## Dataset section:
>>
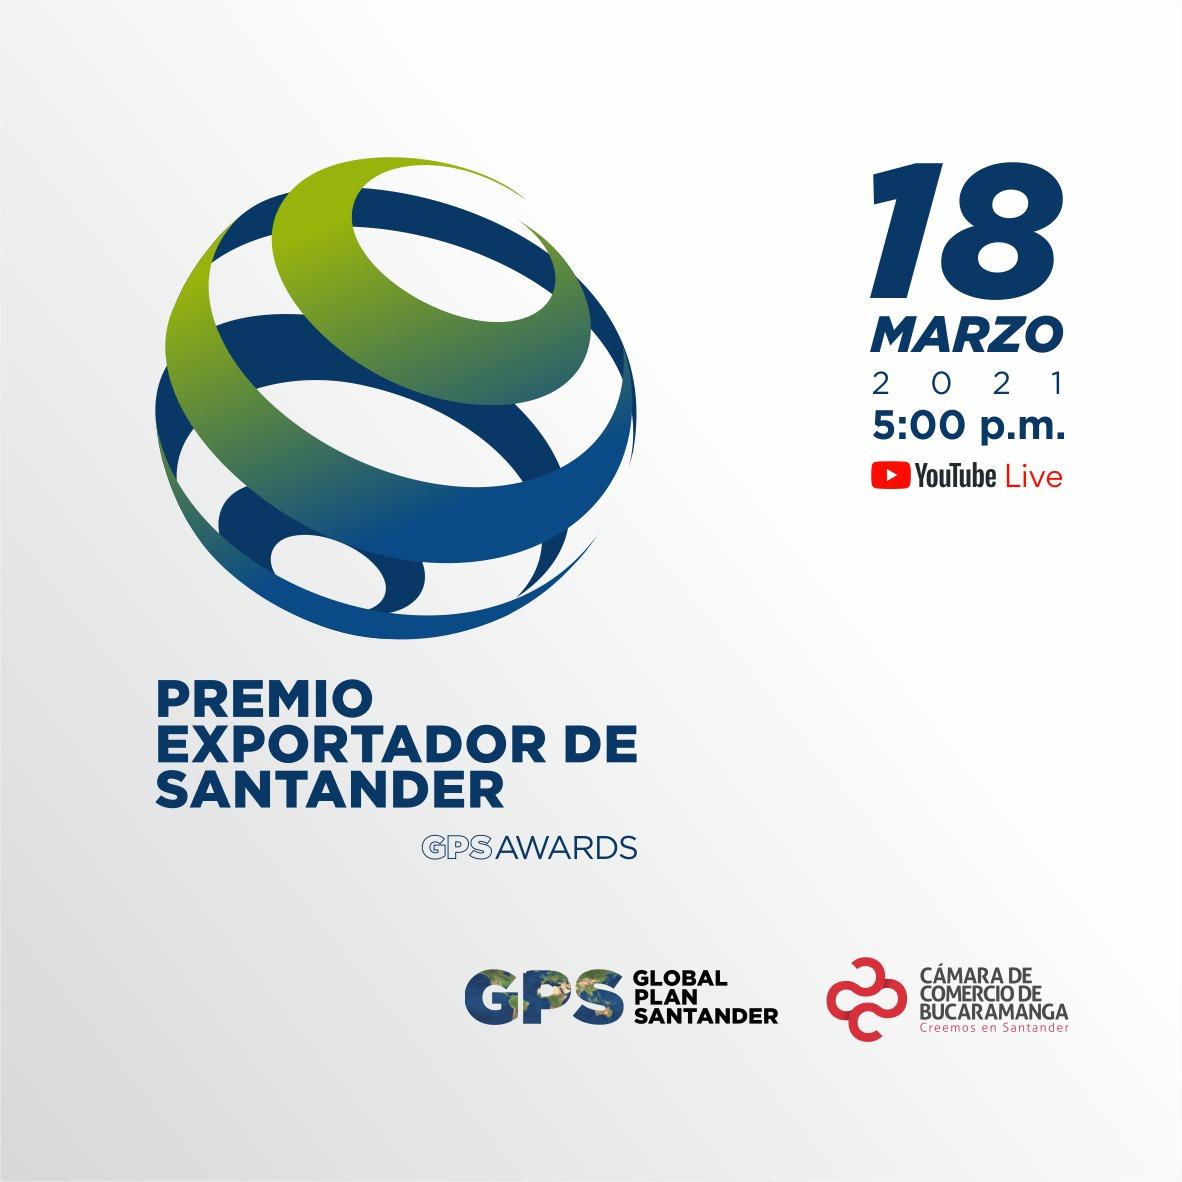 La Cámara de Comercio de Bucaramanga exaltará a los exportadores santandereanos en los GPS Awards
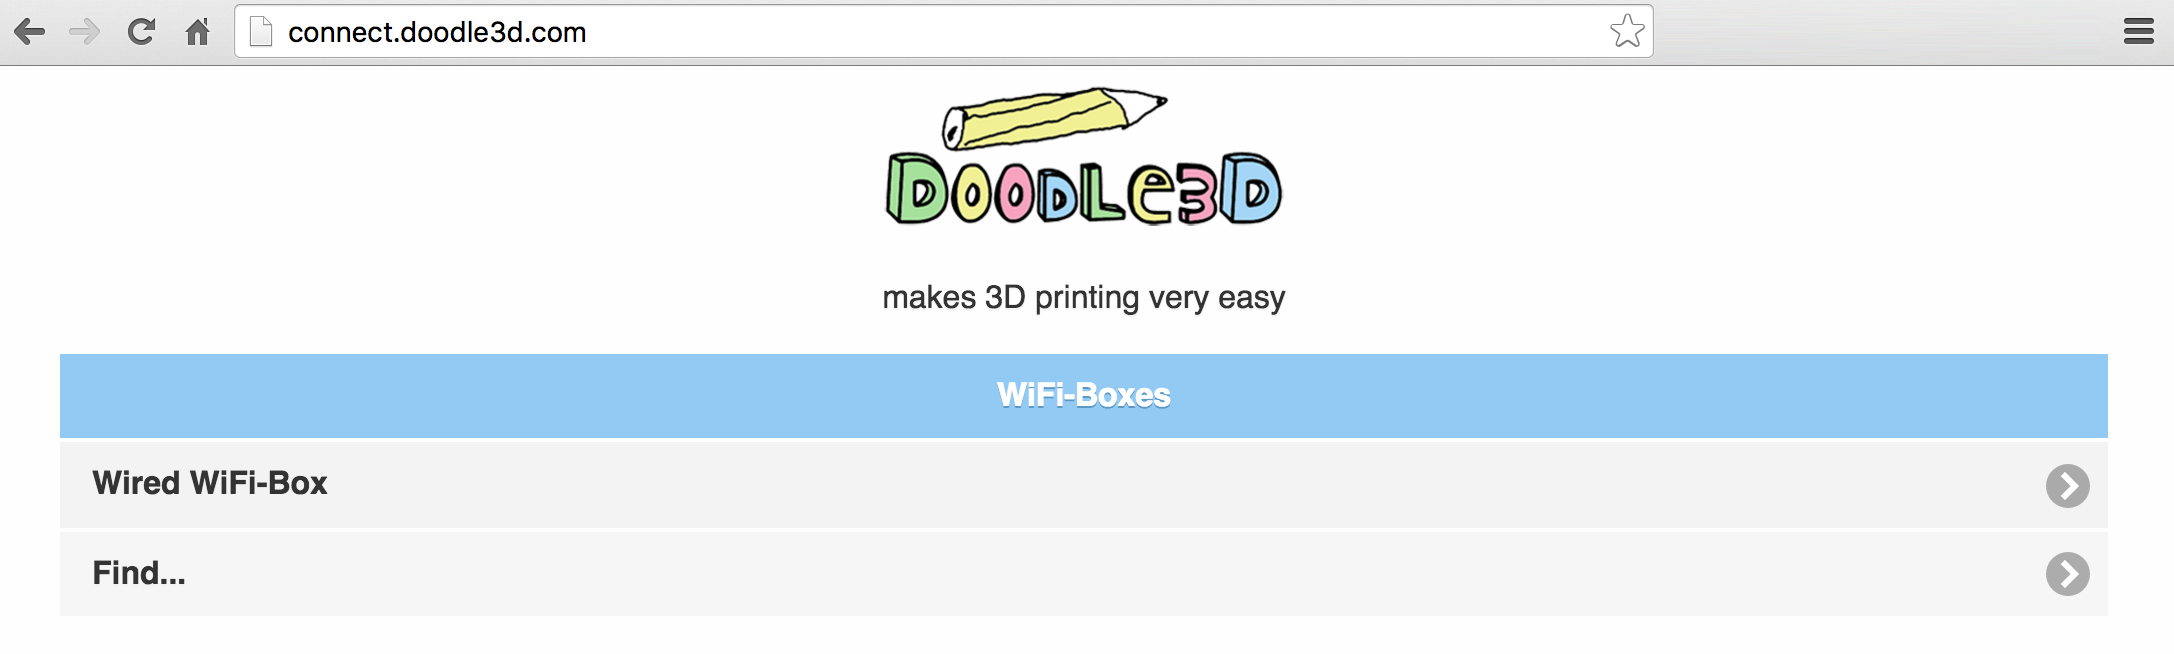 connect.doodle3d.com
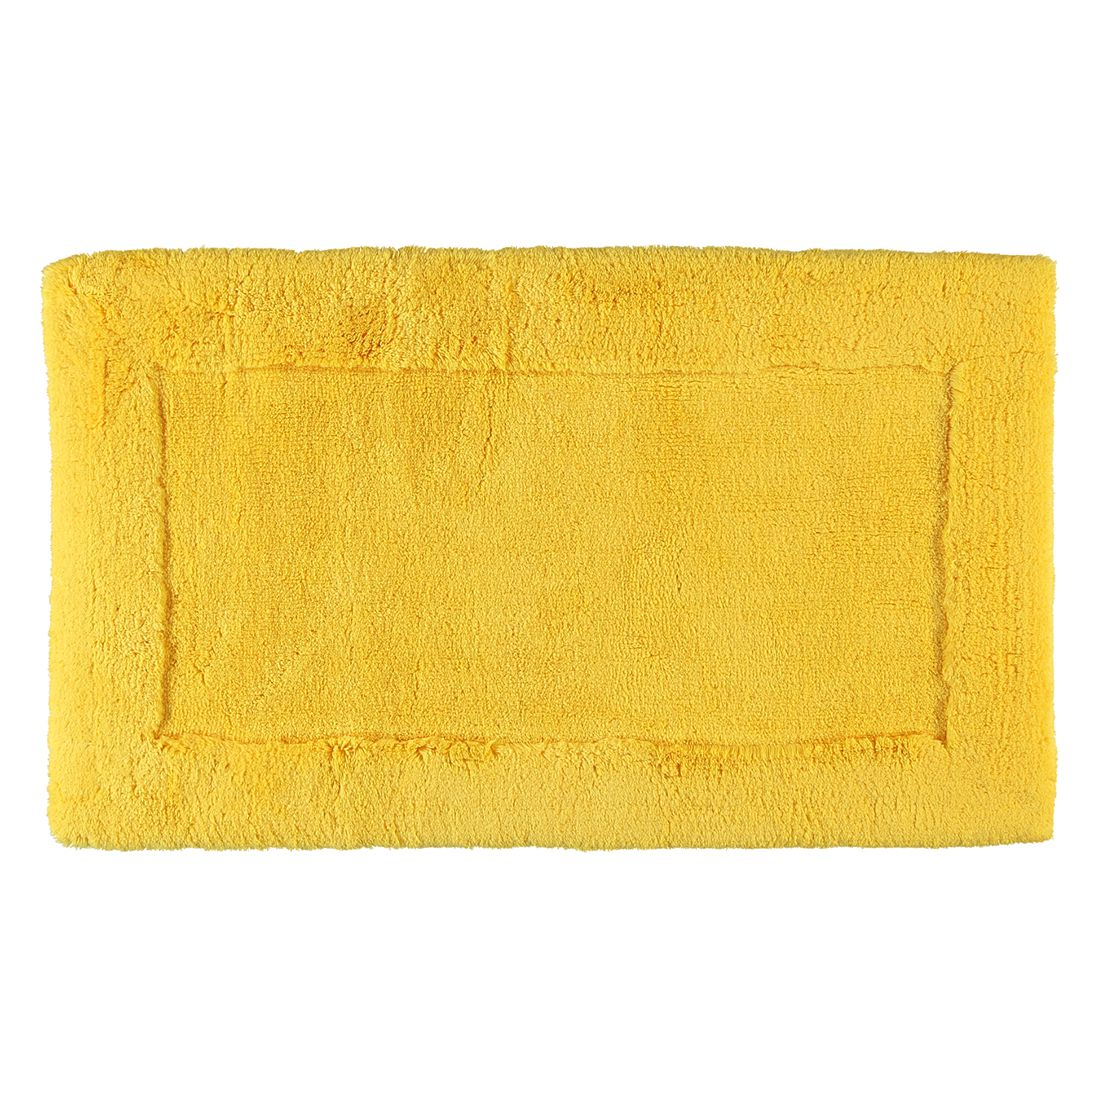 Badteppiche Unique – Baumwolle – Safran – 50×60 cm, Vossen jetzt kaufen
<<
## The task:
Everything from the line containing "connect.doodle3d.com" to the last line of the listing above must be reproduced exactly, with no pictures included.

## Exercise output:
 connect.doodle3d.com
 Badteppiche Unique – Baumwolle – Safran – 50×60 cm, Vossen jetzt kaufen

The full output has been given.